* Input
▽

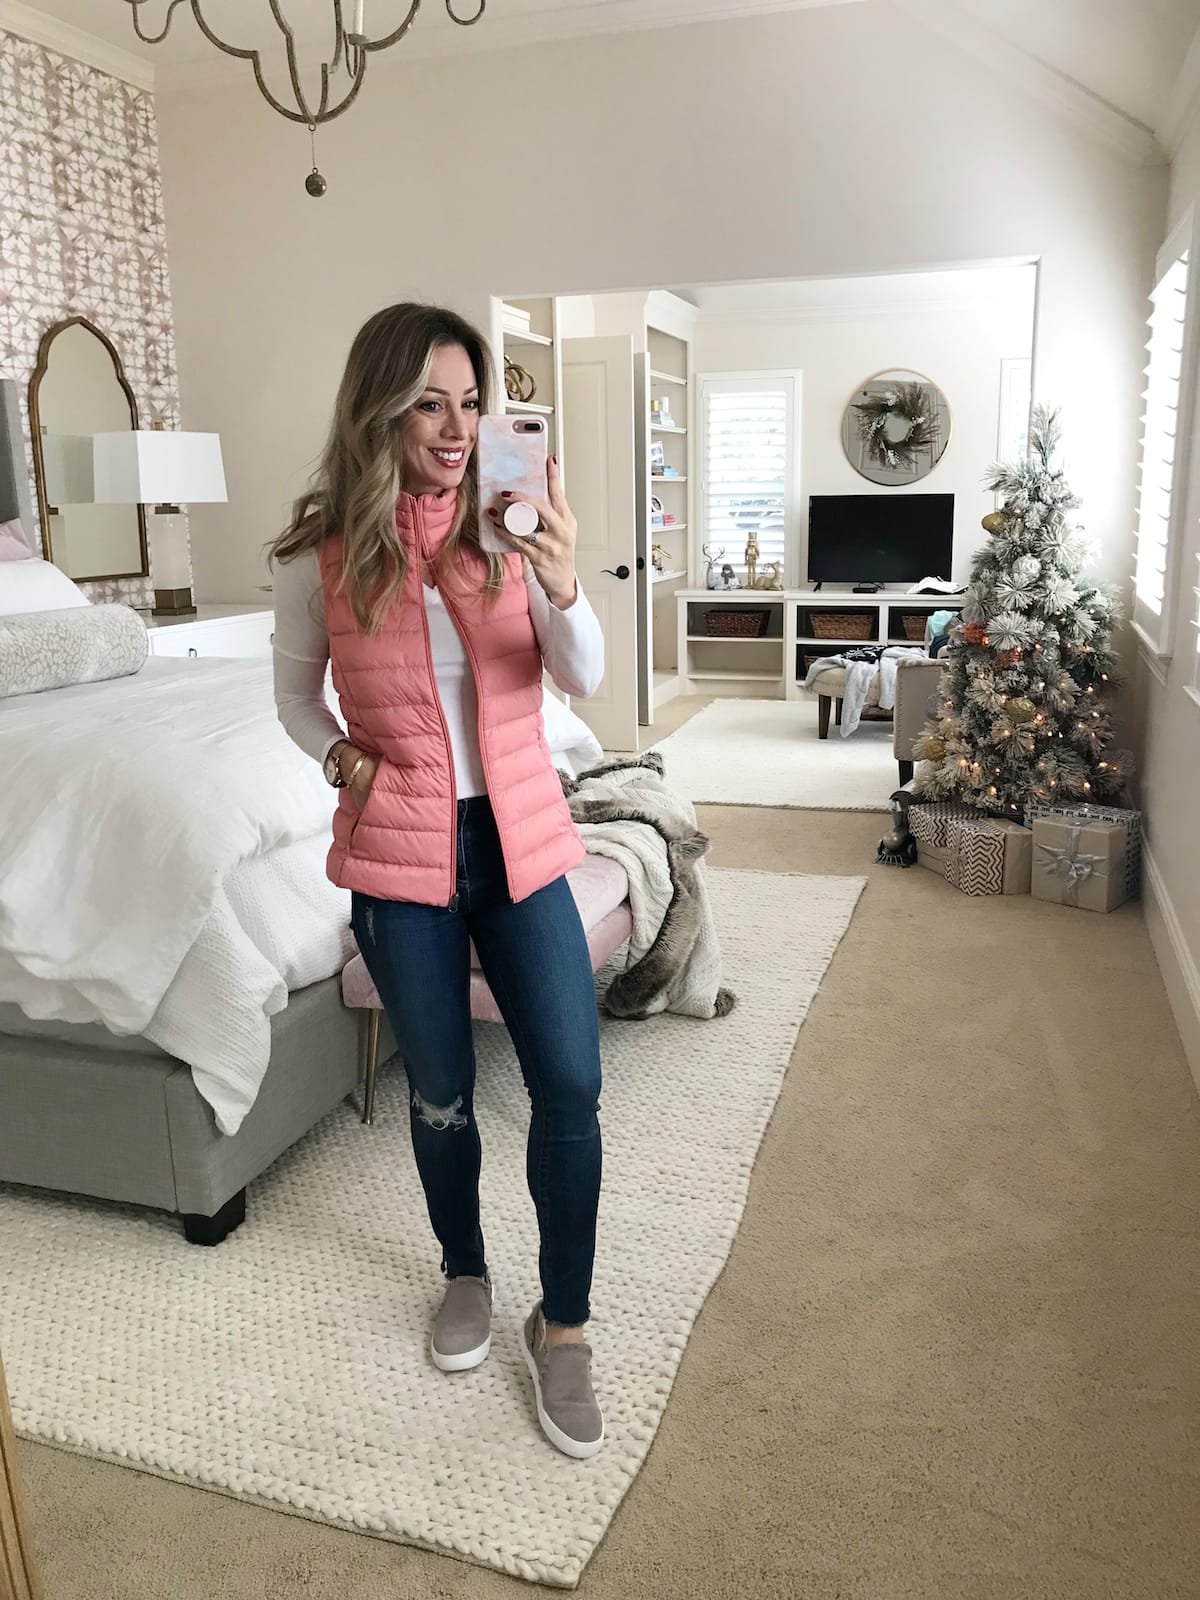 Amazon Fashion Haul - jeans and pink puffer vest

△
▽

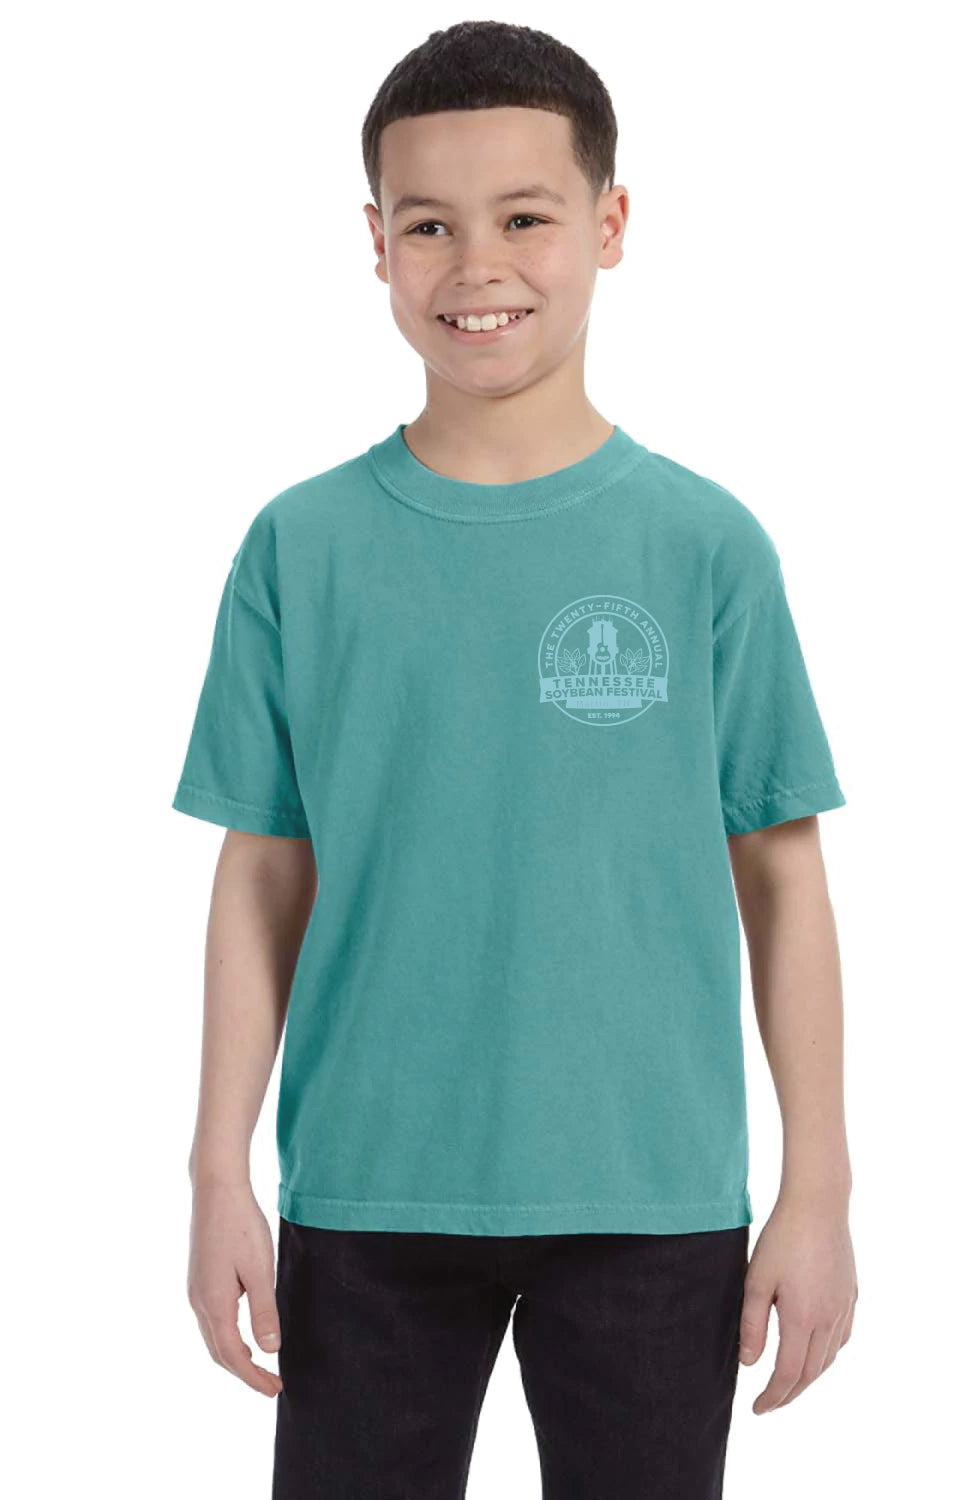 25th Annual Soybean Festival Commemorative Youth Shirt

△
▽

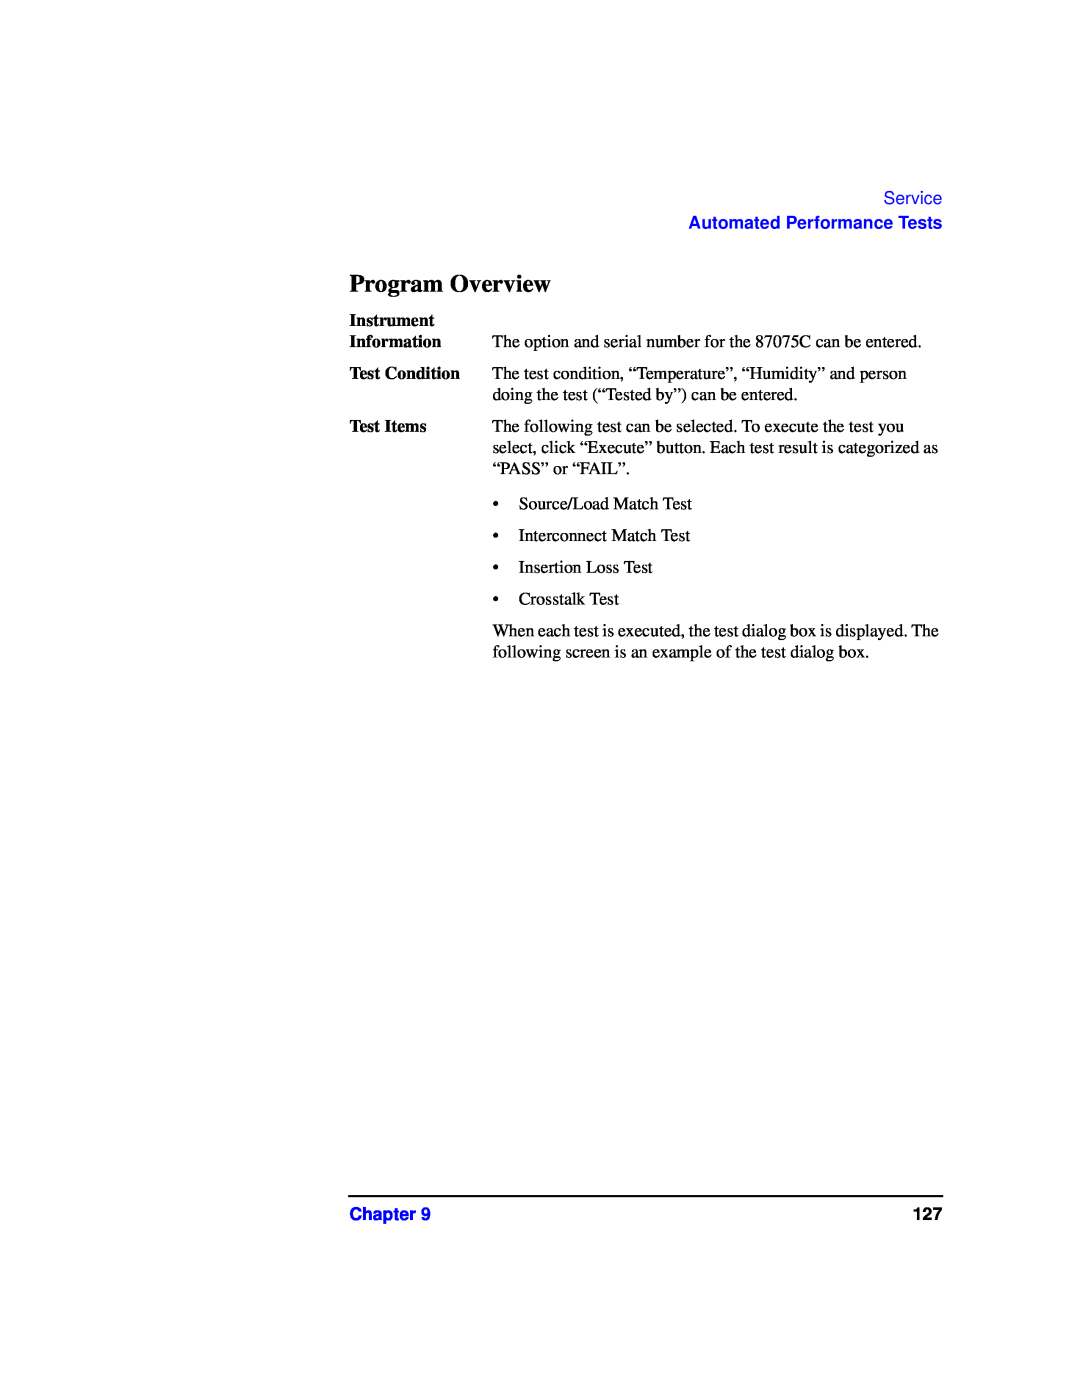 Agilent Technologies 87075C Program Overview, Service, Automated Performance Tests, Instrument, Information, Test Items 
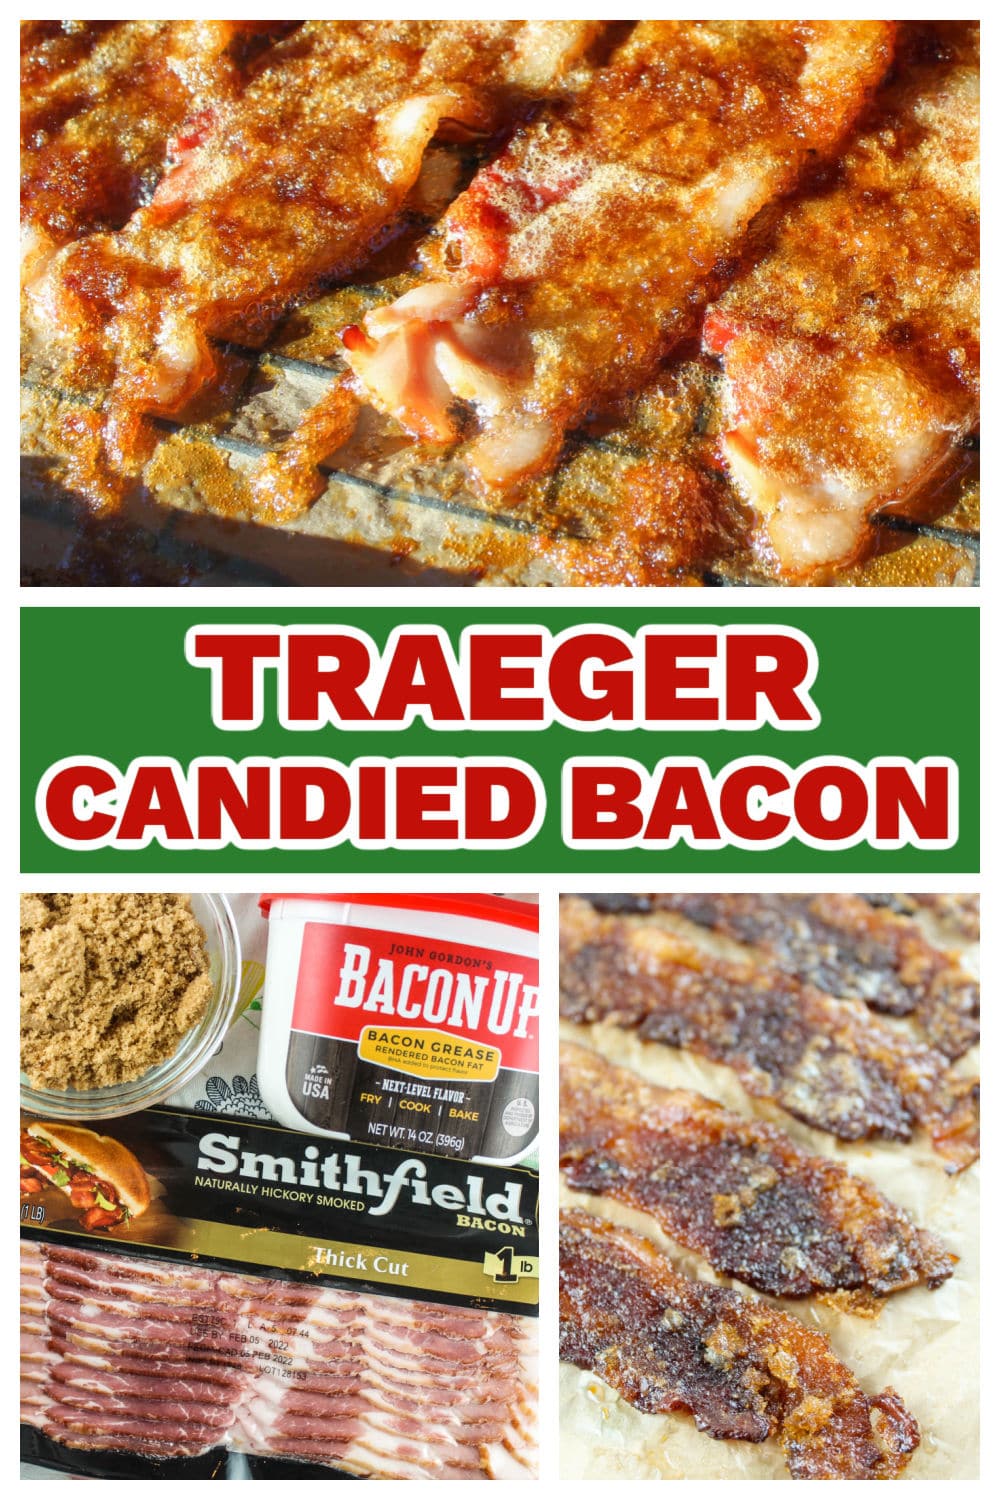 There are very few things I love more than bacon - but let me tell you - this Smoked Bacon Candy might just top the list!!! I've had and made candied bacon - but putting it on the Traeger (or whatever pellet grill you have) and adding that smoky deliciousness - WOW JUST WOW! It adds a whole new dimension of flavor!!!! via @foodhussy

△

* Instructions for the task
Look above for the line with "Agilent Technologies 87075C", then print it and each line after it down to and including the line with "There are very". Leave out the pictures and keep the wording exact.

* Exercise response
 Agilent Technologies 87075C Program Overview, Service, Automated Performance Tests, Instrument, Information, Test Items 
 There are very few things I love more than bacon - but let me tell you - this Smoked Bacon Candy might just top the list!!! I've had and made candied bacon - but putting it on the Traeger (or whatever pellet grill you have) and adding that smoky deliciousness - WOW JUST WOW! It adds a whole new dimension of flavor!!!! via @foodhussy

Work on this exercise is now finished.